### TASK OBJECTIVE
Where an image appears in the data, omit it and reproduce the rest exactly.

### DATA SECTION
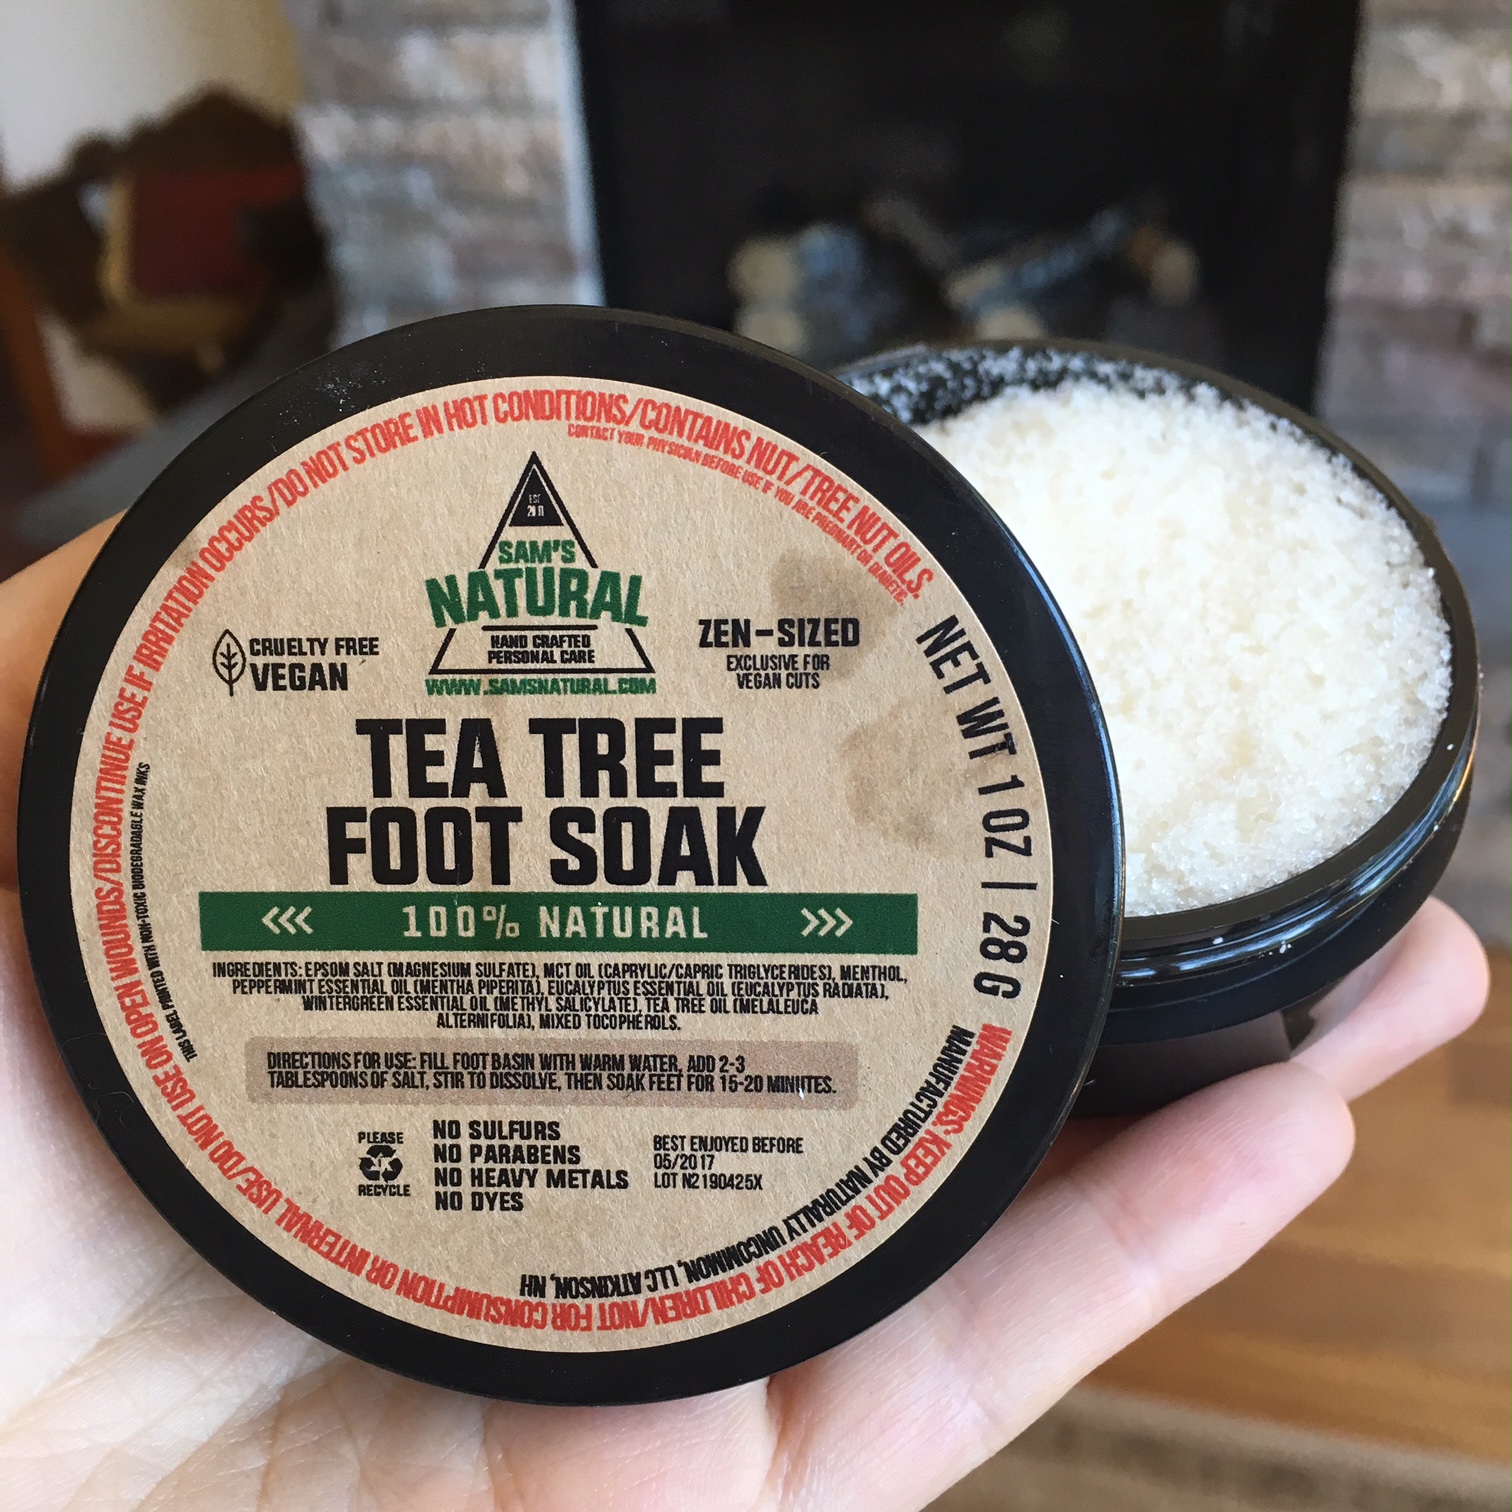 Sams Natural Tea Tree Foot Soak
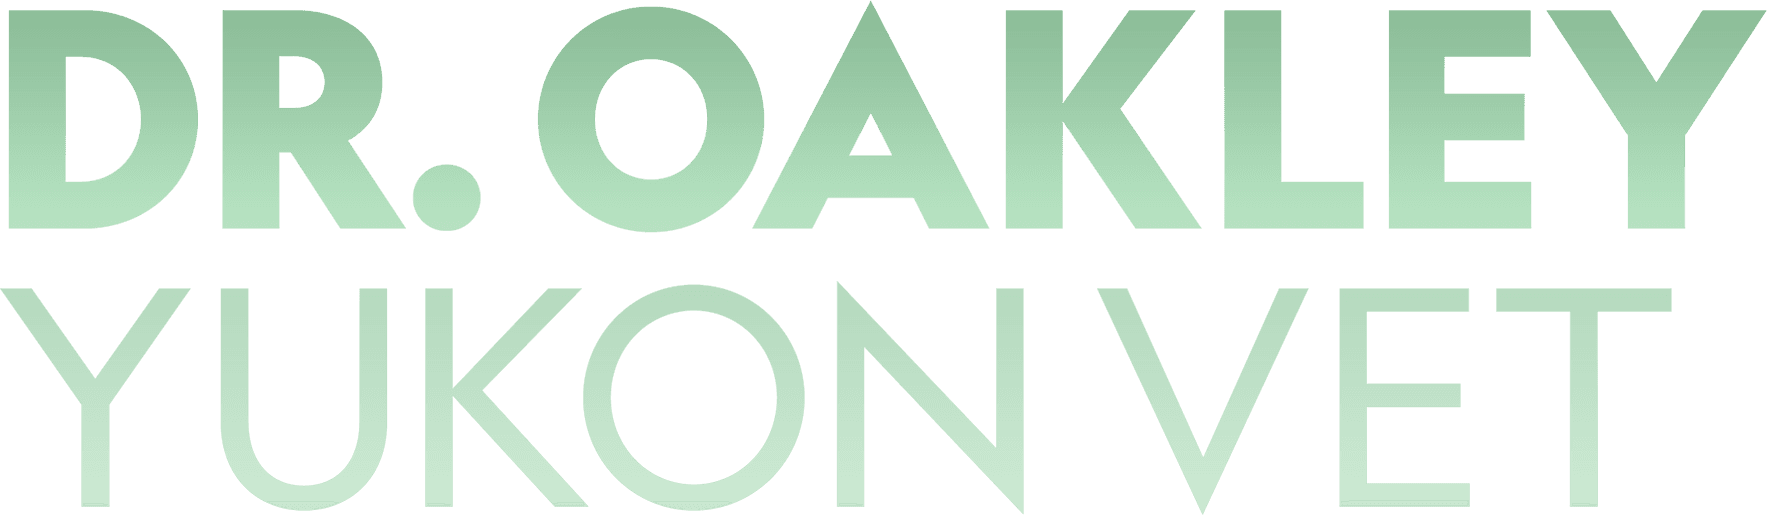 Dr. Oakley, Yukon Vet logo
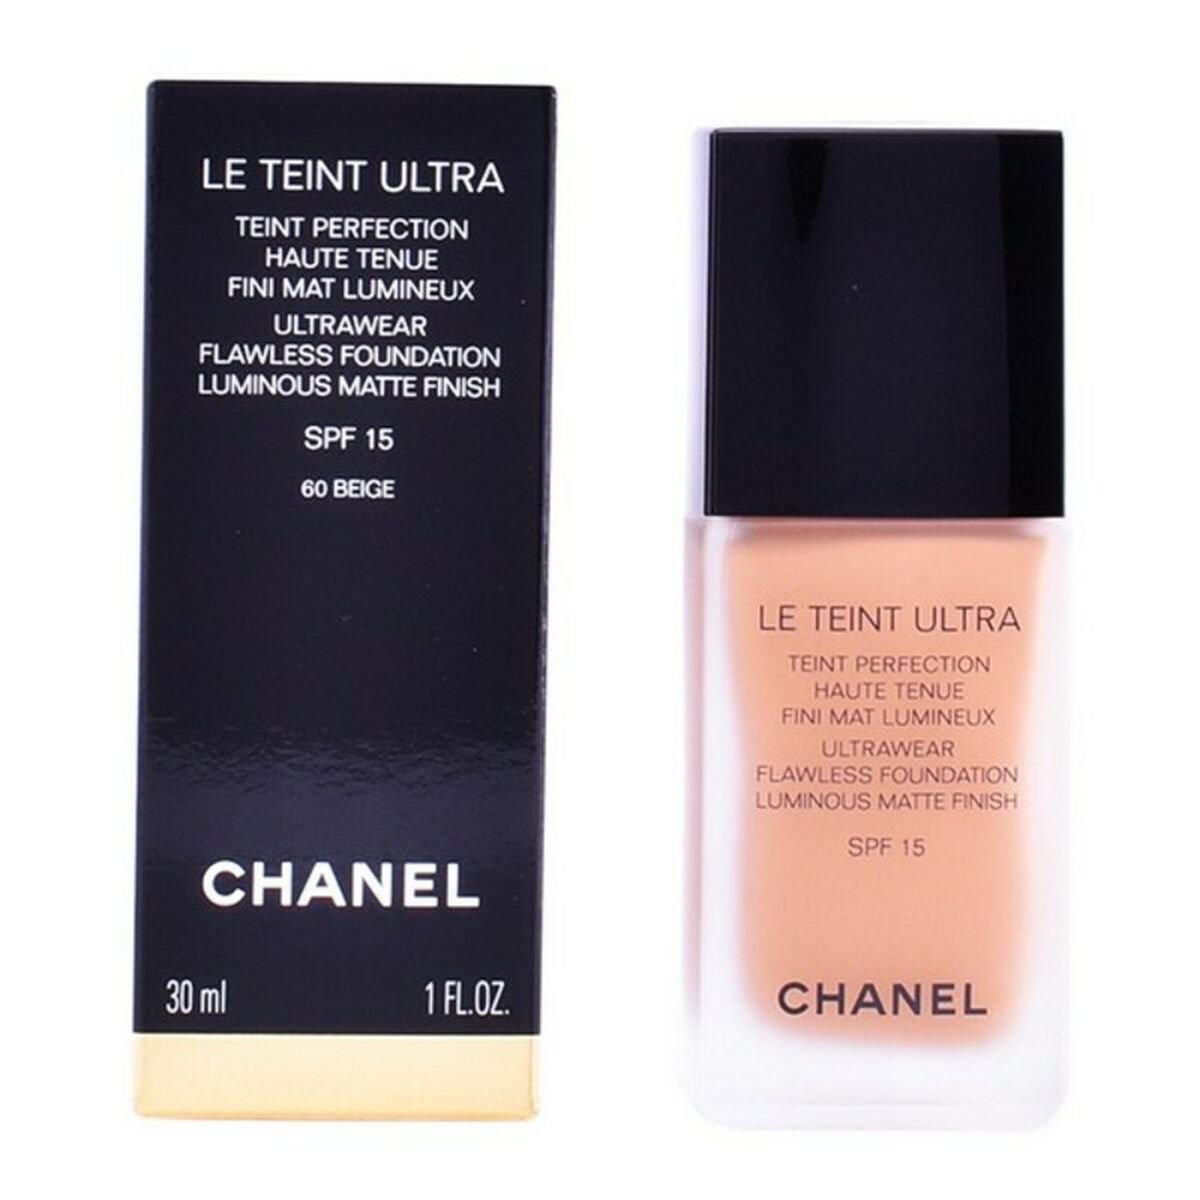 Fluid Foundation Make-up Le Teint Ultra Chanel - JOSEPH BEAUTY

### EXERCISE OUTPUT
 Sams Natural Tea Tree Foot Soak
 Dr. Oakley, Yukon Vet logo
 Fluid Foundation Make-up Le Teint Ultra Chanel - JOSEPH BEAUTY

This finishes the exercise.